Things to Consider Before Buying an Ultralight Tent

You can save weight by sleeping under a tarp, but the risk of getting wet means that you really should use a synthetic sleeping bag when doing so. A down bag – when wet – will do nothing to keep you warm. So, if you’ve spent the money on a light-weight down bag, you really should be in a tent. Tents also provide protection against bugs, and are better than a tarp if bad weather keeps you inside for long periods of time.

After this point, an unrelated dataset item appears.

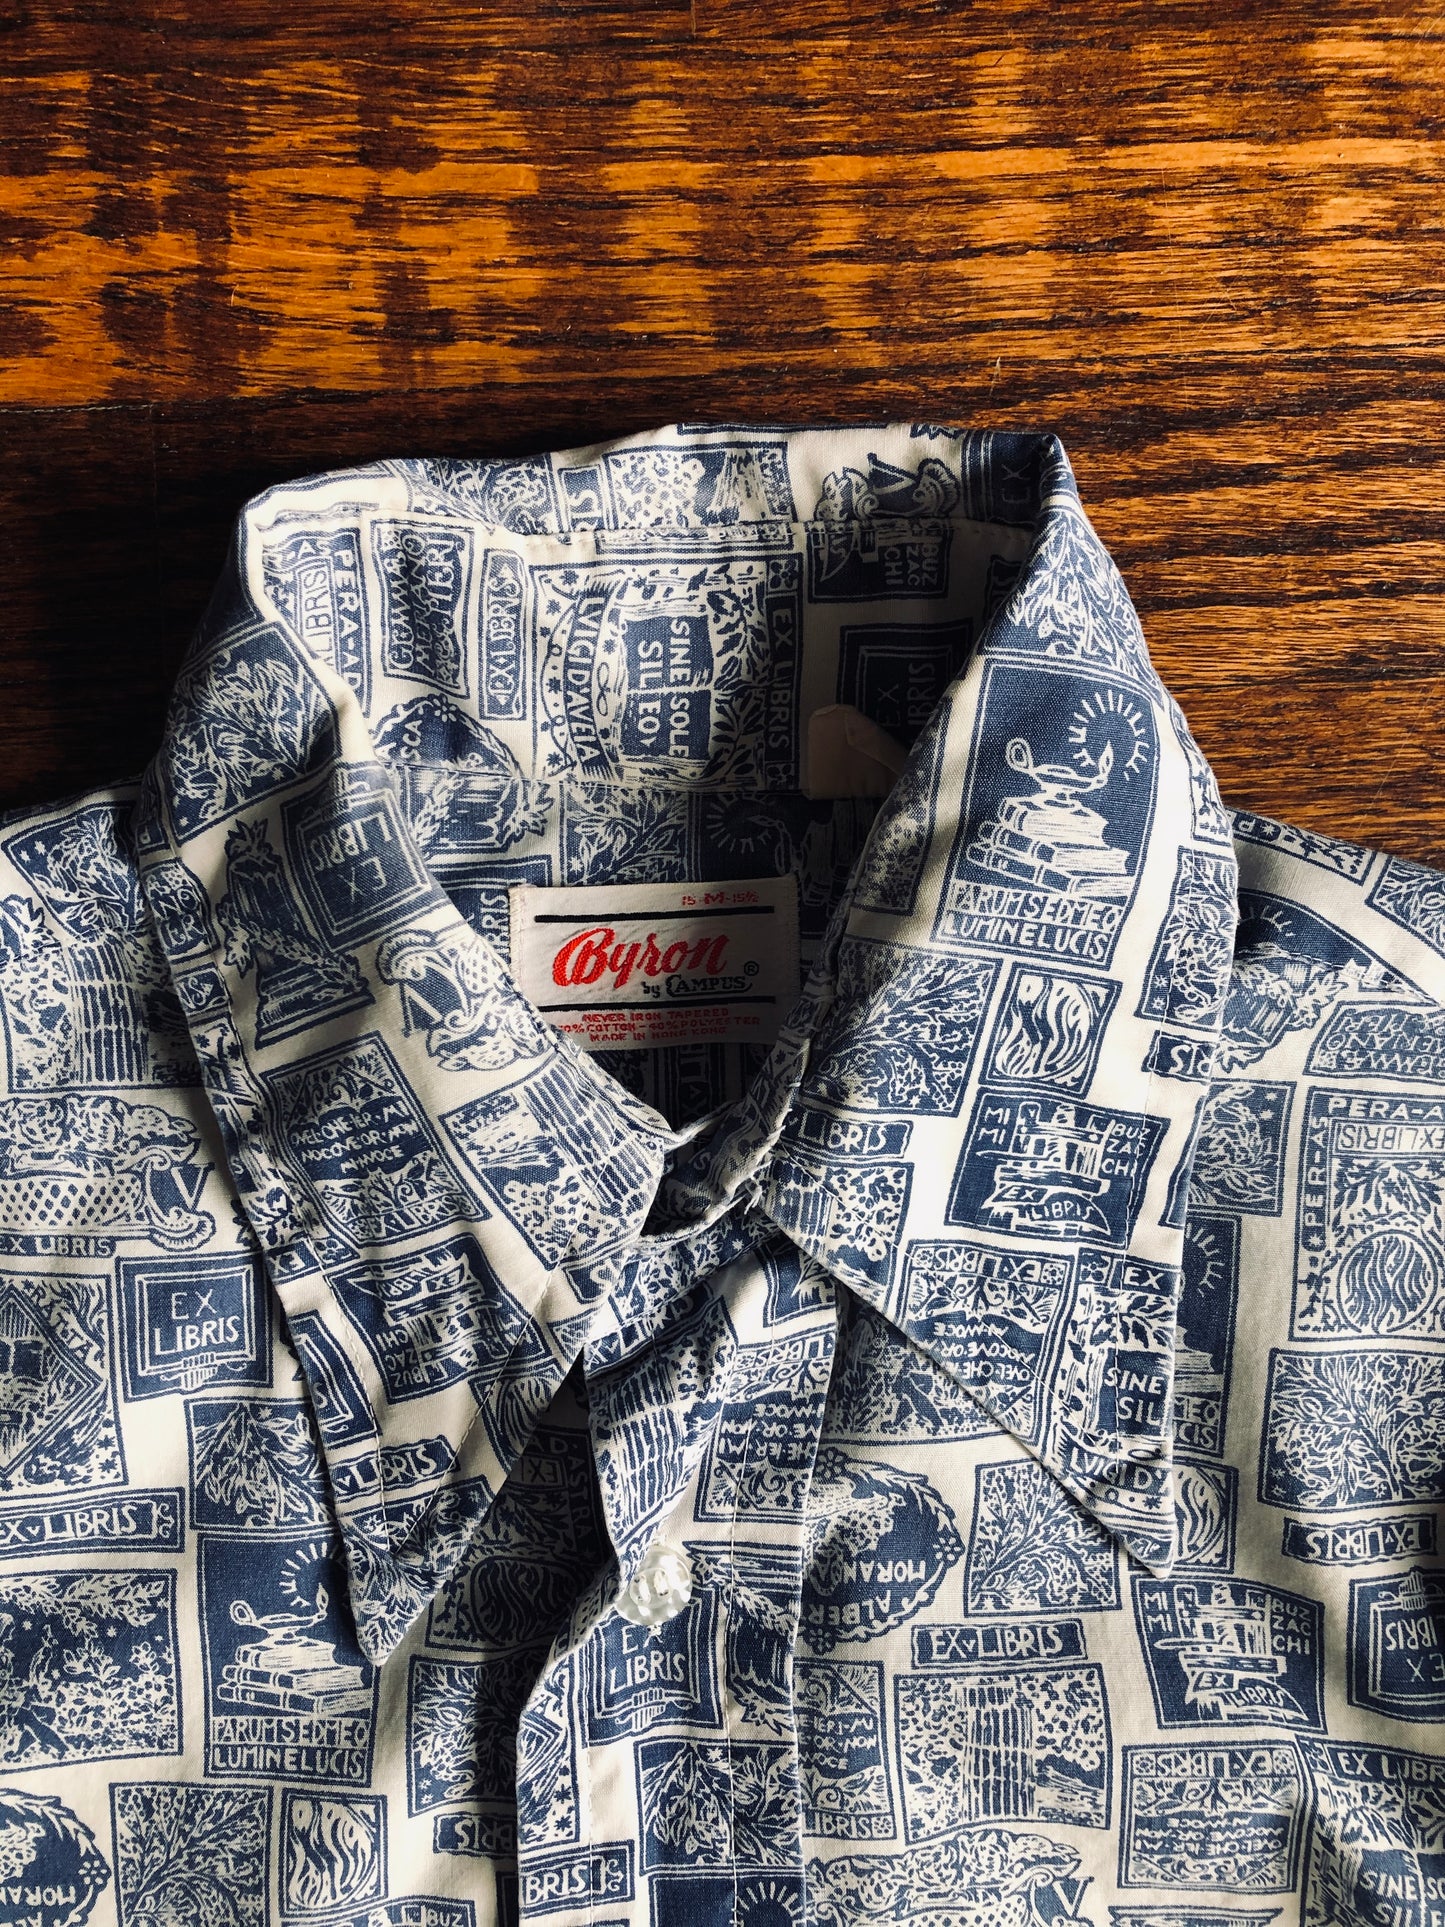 1970’s Byron by Campus Printed Shirt
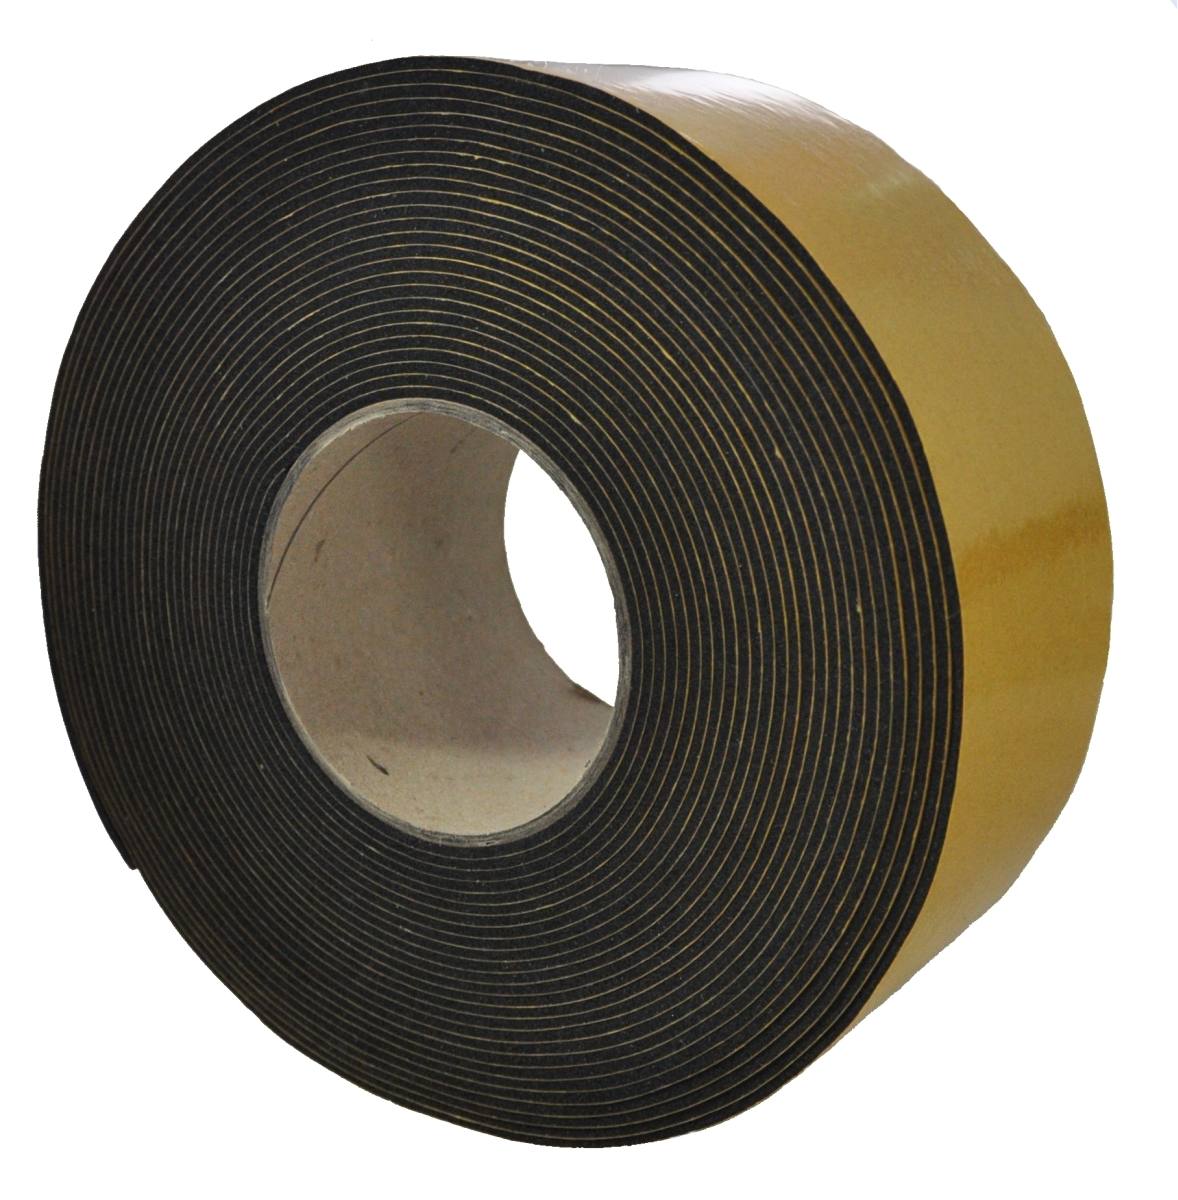 S-K-S EPDM 6mmx12mmx10m black self-adhesive on one side

That’s not to say that this is a true expedition tent, suited for weeks of bad weather. It’s a light weight, three-season tent, that’s suitable for those who want to go light and fast. It has two doors and vestibules for convenience, but this tent is a place to sleep. This is not as roomy as tents in other categories; if your primary use will be car camping a larger (and heavier) tent will be a better buy.

About the REI Dash 2

This tent has two doors and vestibules for convenience, a mesh construction for lots of ventilation, and a surprising amount of head room for a tent of its weight. These features mean that it may be a bit more comfortable than other tents in this category, but the head room also means that this tent has a higher profile than some others in the class.

​Features and Benefits


​This tent is best characterized as a true ultralight, but with comfort-minded features not always found in tents in this category. It sleeps two, but there is little room for anything beyond two sleeping bags. This is typical for this category, though this tent offers superior headroom. In many ultralights, both tent mates can’t sit upright at the same time. They can in the Dash 2.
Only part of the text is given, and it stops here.